WORK ORDER. Exactly the lines from the start of the data through the line containing "Girl's Regency Jane" should be output, with both ends kept and nothing added.
--
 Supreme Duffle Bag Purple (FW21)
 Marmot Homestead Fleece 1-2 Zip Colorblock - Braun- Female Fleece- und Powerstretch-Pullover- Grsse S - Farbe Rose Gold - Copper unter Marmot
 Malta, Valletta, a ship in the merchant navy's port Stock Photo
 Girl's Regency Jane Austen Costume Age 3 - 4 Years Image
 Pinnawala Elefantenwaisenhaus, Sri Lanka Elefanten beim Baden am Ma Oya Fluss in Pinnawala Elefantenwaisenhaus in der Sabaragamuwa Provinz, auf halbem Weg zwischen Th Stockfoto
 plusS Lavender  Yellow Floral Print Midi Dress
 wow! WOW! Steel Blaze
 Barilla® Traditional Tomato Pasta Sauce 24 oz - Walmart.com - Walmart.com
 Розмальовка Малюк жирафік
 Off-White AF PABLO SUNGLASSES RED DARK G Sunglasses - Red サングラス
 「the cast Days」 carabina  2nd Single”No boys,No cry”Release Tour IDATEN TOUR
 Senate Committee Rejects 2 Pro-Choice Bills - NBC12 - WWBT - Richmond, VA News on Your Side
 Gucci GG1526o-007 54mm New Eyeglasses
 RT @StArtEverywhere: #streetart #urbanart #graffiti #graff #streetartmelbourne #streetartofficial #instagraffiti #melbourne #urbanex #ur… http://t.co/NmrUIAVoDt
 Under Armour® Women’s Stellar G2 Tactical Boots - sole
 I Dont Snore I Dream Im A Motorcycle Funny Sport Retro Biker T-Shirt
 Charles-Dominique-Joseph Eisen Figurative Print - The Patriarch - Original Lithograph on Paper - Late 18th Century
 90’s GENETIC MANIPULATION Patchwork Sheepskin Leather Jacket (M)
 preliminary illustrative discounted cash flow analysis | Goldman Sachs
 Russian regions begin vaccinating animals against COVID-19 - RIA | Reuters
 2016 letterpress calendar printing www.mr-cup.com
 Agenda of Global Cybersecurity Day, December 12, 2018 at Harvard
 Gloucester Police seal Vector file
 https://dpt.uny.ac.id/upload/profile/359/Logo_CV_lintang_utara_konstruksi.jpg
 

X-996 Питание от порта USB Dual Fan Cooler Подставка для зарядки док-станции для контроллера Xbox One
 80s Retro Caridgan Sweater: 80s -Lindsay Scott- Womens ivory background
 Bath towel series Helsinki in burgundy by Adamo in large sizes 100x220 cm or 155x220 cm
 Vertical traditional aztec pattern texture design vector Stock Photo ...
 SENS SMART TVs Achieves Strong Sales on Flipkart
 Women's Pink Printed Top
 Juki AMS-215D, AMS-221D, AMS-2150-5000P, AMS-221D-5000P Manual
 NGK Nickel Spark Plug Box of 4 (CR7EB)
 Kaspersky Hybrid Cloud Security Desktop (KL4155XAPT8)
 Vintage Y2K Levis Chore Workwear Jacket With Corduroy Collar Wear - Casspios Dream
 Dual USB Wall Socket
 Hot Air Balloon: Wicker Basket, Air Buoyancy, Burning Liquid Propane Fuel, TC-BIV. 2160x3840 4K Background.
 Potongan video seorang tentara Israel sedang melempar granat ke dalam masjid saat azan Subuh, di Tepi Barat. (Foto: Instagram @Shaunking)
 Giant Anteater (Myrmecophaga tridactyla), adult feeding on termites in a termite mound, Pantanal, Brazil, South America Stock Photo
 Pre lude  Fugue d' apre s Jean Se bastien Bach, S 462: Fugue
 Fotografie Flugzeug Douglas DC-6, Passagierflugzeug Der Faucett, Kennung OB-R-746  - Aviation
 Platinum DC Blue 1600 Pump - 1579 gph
--
THE ANSWER.
 Supreme Duffle Bag Purple (FW21)
 Marmot Homestead Fleece 1-2 Zip Colorblock - Braun- Female Fleece- und Powerstretch-Pullover- Grsse S - Farbe Rose Gold - Copper unter Marmot
 Malta, Valletta, a ship in the merchant navy's port Stock Photo
 Girl's Regency Jane Austen Costume Age 3 - 4 Years Image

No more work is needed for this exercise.